Create our own resource on top of Istio/Envoy configs

It's just a CRD, right?

mdemirhan commented 6 years ago

The idea behind this tool is to simplify the YAML that needs to be created for Istio. Calling it a tool might be overstating it - it could be as simple as finding the routerule's name for a given revision and creating an istio YAML template where the routerule is pre-populated. This is useful because the users don't necessarily know how a revision related to an Istio RouteRule. Another option would be to expose this information in Revision status.

asciimike commented 6 years ago

This sounds like what the CRD proposed in https://github.com/elafros/elafros/issues/540#issuecomment-382562663 is, right? Do you have an example of what this might look like so we can compare?

ZhiminXiang commented 6 years ago

It should look like the YAML in above comment, but does not need to be a CRD. If we build a CRD for that YAML, then we will always tie the routing with Istio which we may not want. Developers can choose to use the YAML we define and the tool we build if they use Istio. But they do not have to use them. And they do not even have to use Istio since they can choose other proxy they are comfortable with. Building a CRD will give them no choice except Istio.
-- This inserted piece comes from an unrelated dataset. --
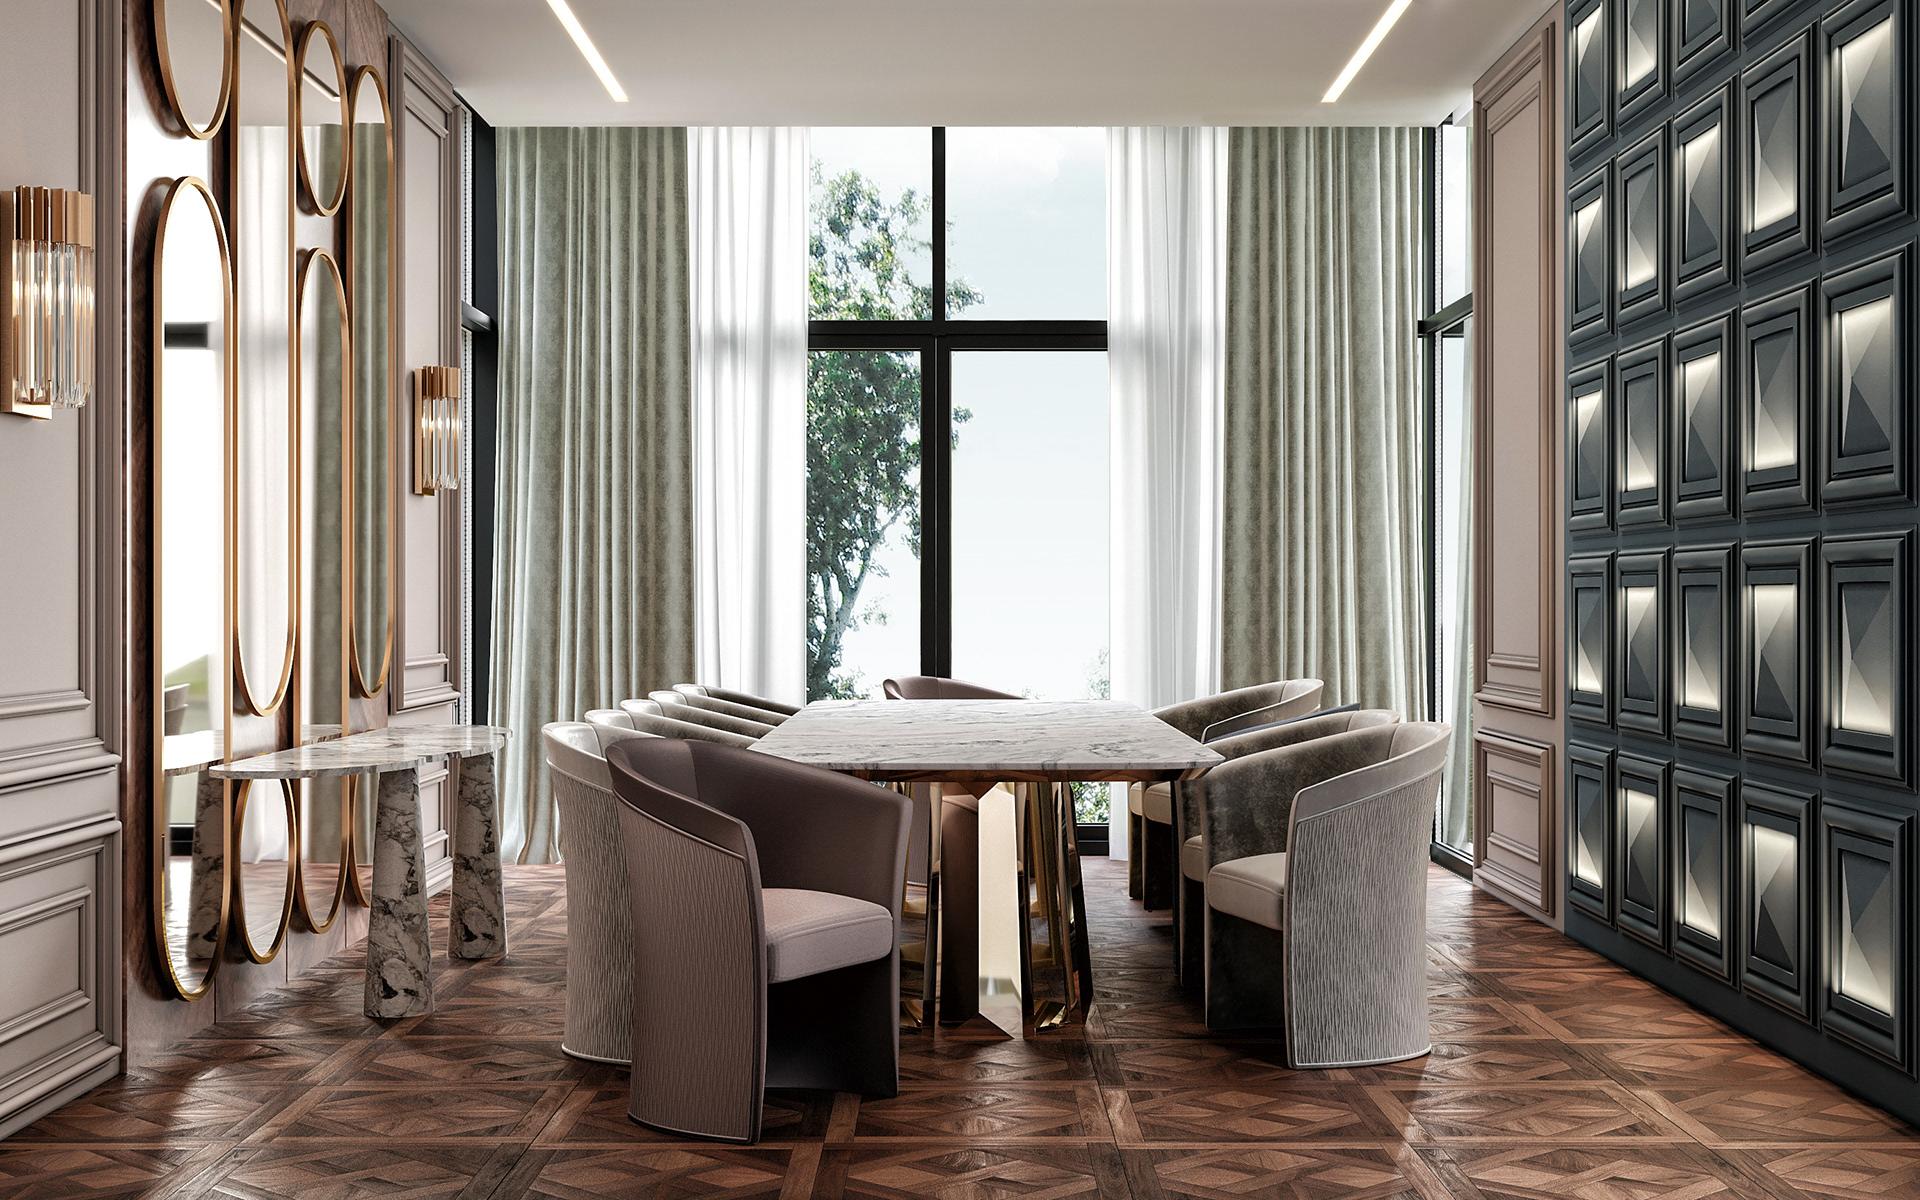 Pimlico Luxury Dining Room Furniture 1

mdemirhan commented 6 years ago

Yes, it does. Sorry I was confused with something else in the previous comment. This sounds a lot like a Mapping CRD in the comment you have. I don't really know how this should look like. This idea was tossed by @evankanderson to make manually creating Istio rules easier for Elafros users. We haven't thought about it in detail.

evankanderson commented 6 years ago

The difference between a tool for creating an Istio config and supporting a CRD is actually a fairly large:

  1. The CRD needs to be able to reconcile updates and report the status of the underlying object; effectively, this is signing up for ongoing updates and "putting things back" when changed.
  2. A CRD would limit the known/knowable set of backend targets to a subset of the overall Istio functionality. It would effectively be "an http reverse proxy only for Elafros". By generating an initial Istio configuration, users can then extend that configuration to (for example) add additional pure-kubernetes services, using the Elafros entries as a template. Users can then check in and manage the Istio configuration directly, and they start to learn about the underlying layers of the stack.

I'm concerned that we're trying to build something like Ambassador here without having tried the "buy" approach first. This is clearly a crowded space -- I'd rather provide guidance (with the opportunity to learn where that guidance falls short) about reusing existing solutions which will let us hitch our wagon to the fastest horse.